Anyone who has lived to be almost 100 likely has a few outlandish tales to tell. At least, one hopes they have tales to tell; it’s simply too awful to think of someone living through ten decades without one adventure, one great passion, one scandal worthy of relating over and over again. What’s the point of living a long life, after all, if one can’t look back with some complacency and pleasure at the glorious, memorable mistakes one made along the way?
With that in mind, we turn our attention to the one and only Zsa Zsa Gabor. Born Sári Gábor on Feb. 6, 1917, in Budapest, the middle sister of a middle-class Hungarian family — between younger sister Eva (1919 – 1995) and older sister Magda (1915 – 1997) — Zsa Zsa lived in the public eye for more than six decades, before her death at 99 in 2016.
Beautiful, glamorous and disarmingly funny; married nine times, divorced seven (one marriage was annulled); friend and lover to the famous; accused traffic cop-slapper (remember that weirdness back in 1989?); Bernie Madoff victim to the tune of something like $10 million; best-selling author; actress with scores of movies and TV appearances to her name — one could argue that Zsa Zsa was, in fact, the very last of those outrageous, celebrated Hollywood figures (like her late friend, Liz Taylor) who routinely and unrepentantly provided scandal sheets and gossip columnists with fodder in the middle part of the last century.

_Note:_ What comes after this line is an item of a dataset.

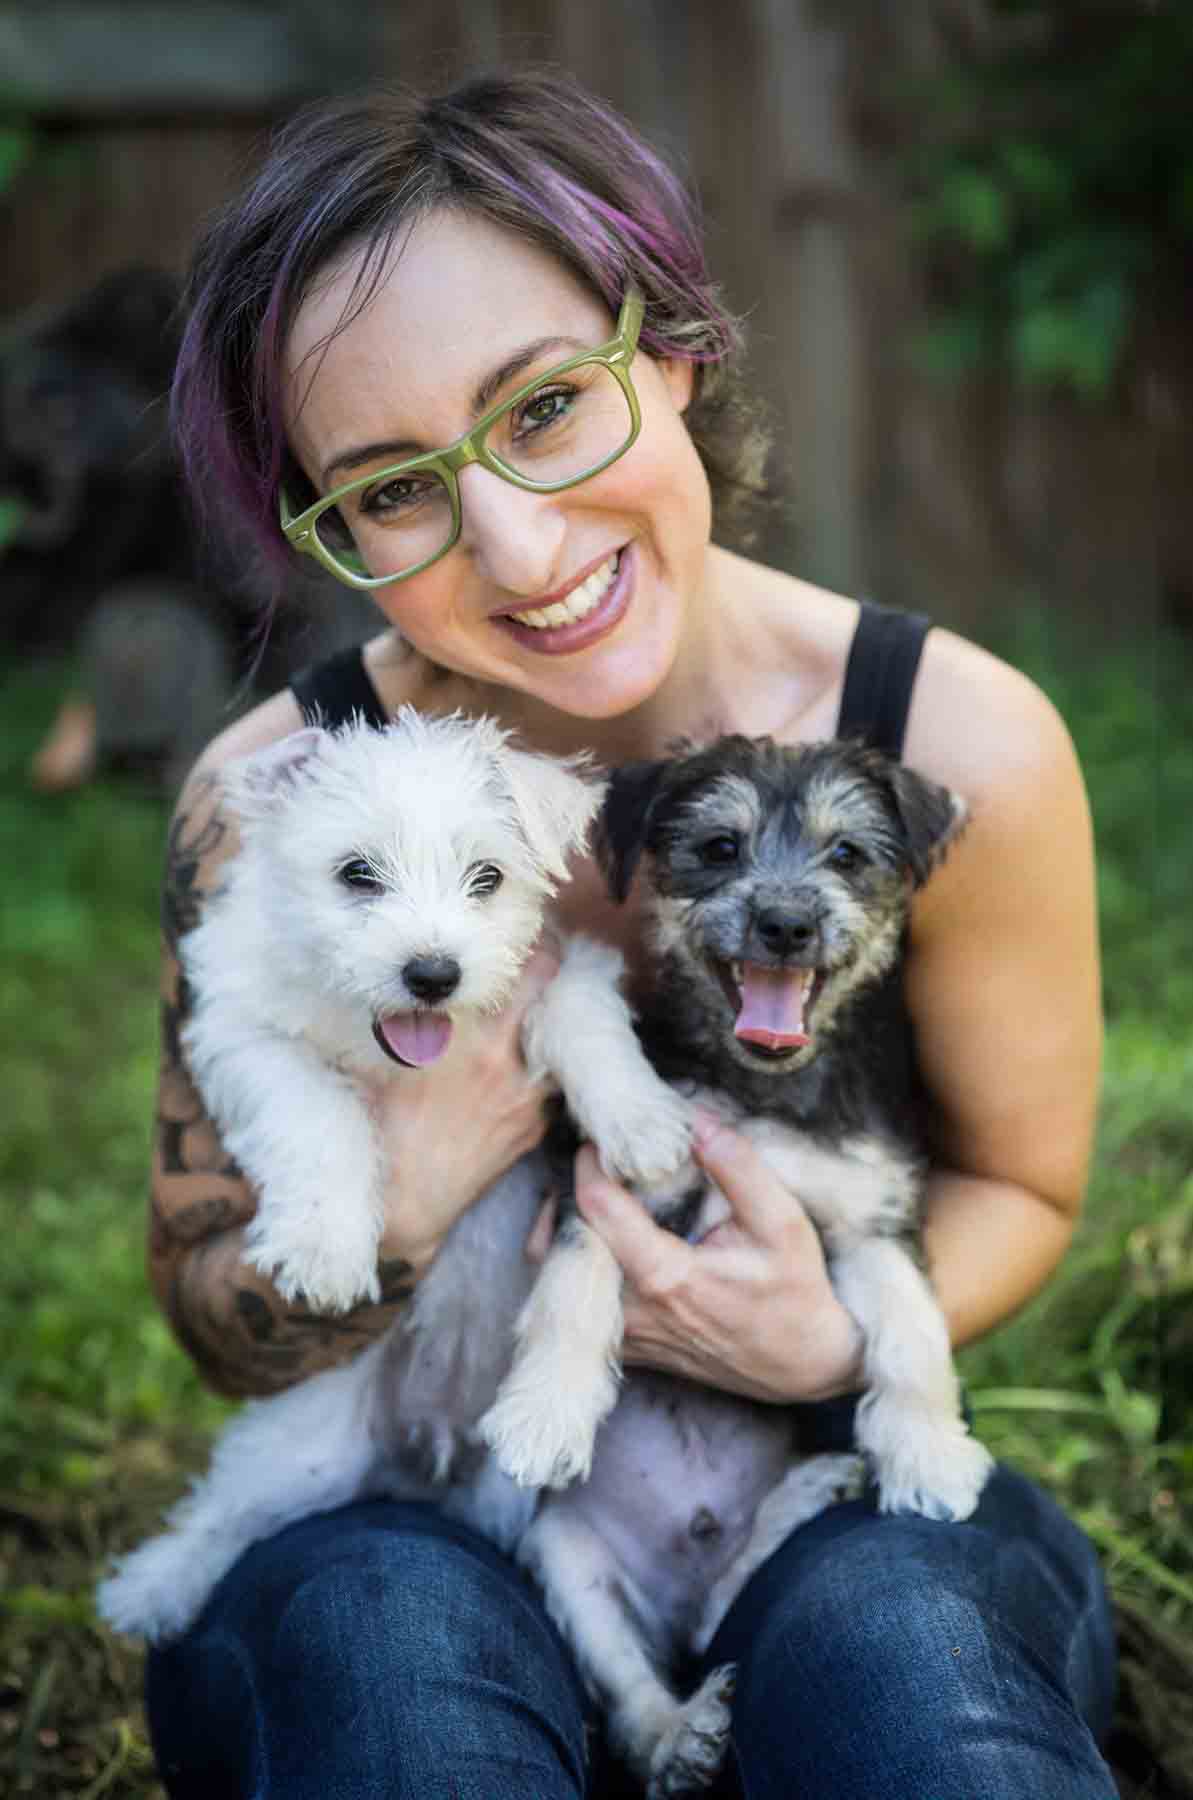 Woman with purple hair and glasses holding two puppies for an article on pet photo tips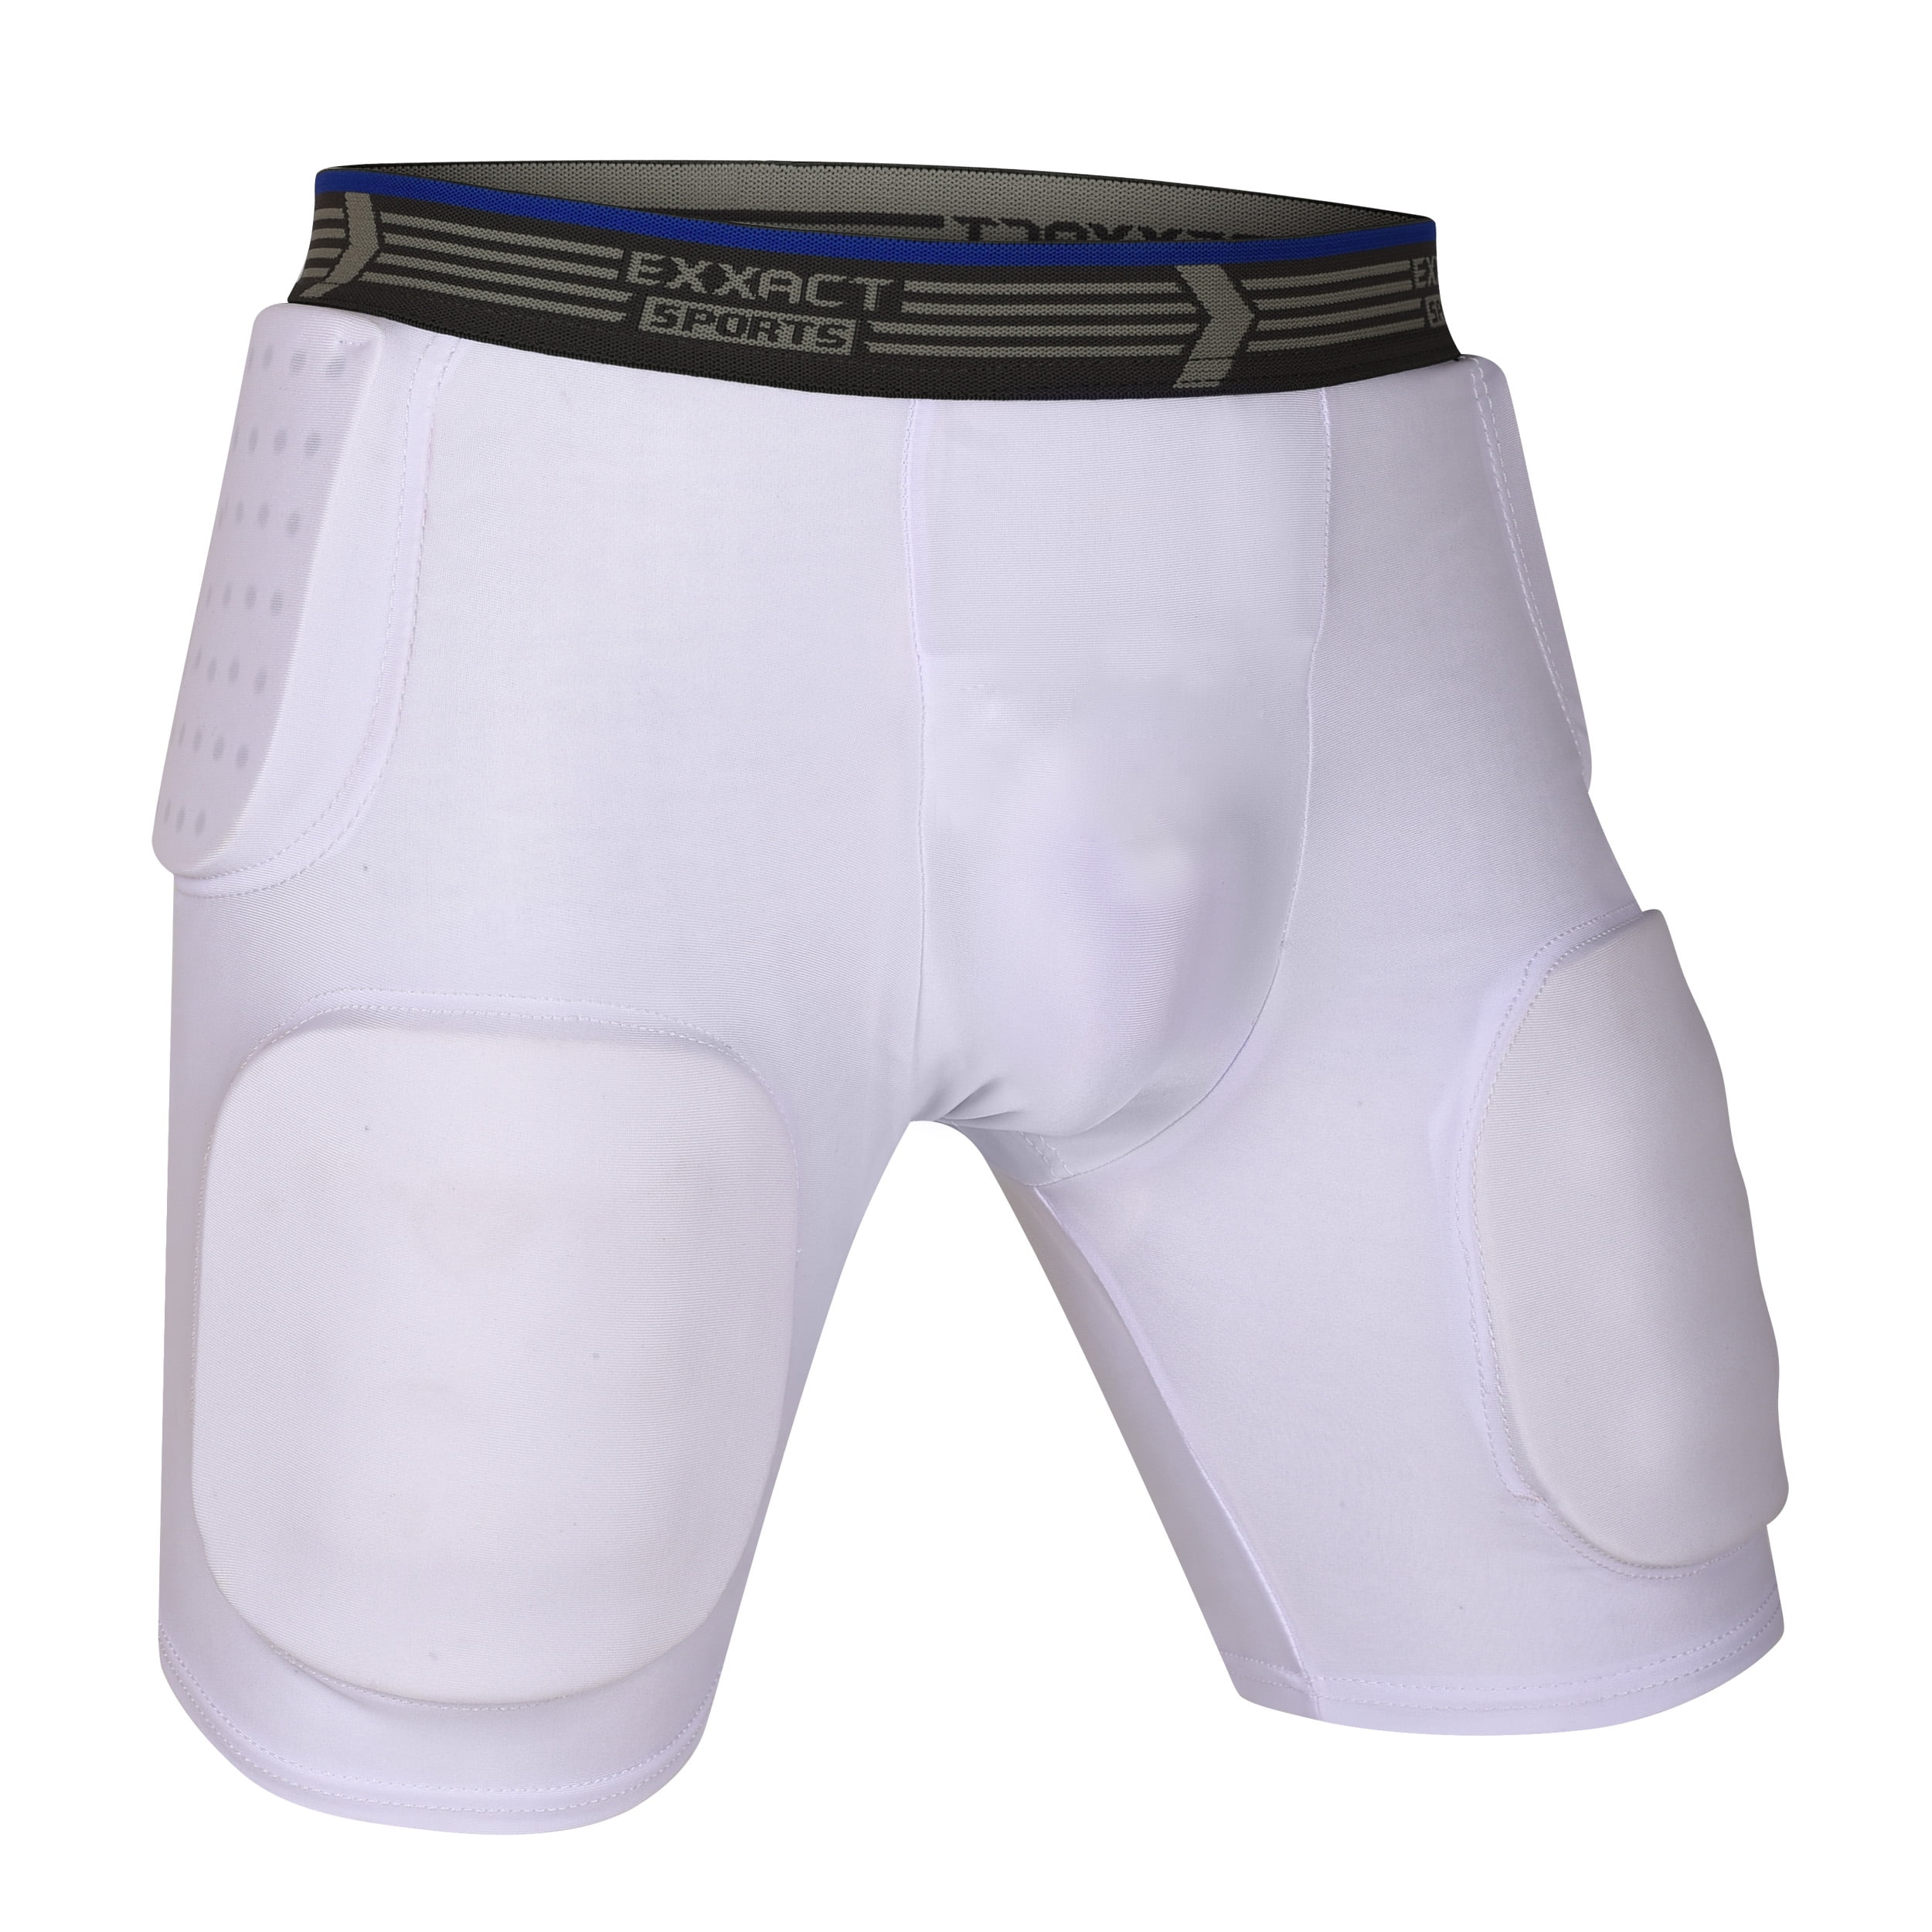 Exxact Sports Rebel 5-Pad Youth Football Girdle w/ Integrated Hip, Thighs  and Tailbone Pads, w/ Cup Pocket | Compression, Integrated and Protective Football  Pads (Youth) (Youth Medium) - Walmart.com

Quotations attributed to her through the years, meanwhile, suggest a lively intelligence and a savvy, off-hand and charming worldliness behind her seemingly soft facade:
“A man in love is incomplete until he is married. Then he is finished.”
“Macho does not prove mucho.”
“I have never hated a man enough to give his diamonds back.”
“Husbands are like fires. They go out if unattended.”
“To a smart girl men are no problem. They’re the answer.”
Time, alas, was not kind to Gabor. Late in her life, she suffered strokes, was confined to a wheelchair and had her right leg amputated above the knee to combat an aggressive infection. Her obituary was written and prepped — and then shelved — several times in the past few years by media outlets, as she fought on against mounting odds, diminished but far from forgotten.
Here, LIFE.com recalls the younger Zsa Zsa with a series of photos — many of which never ran in LIFE — from 1951, when she was barely known outside of California, but was quickly becoming as famous as her sister, Eva (who, incidentally, only married five times).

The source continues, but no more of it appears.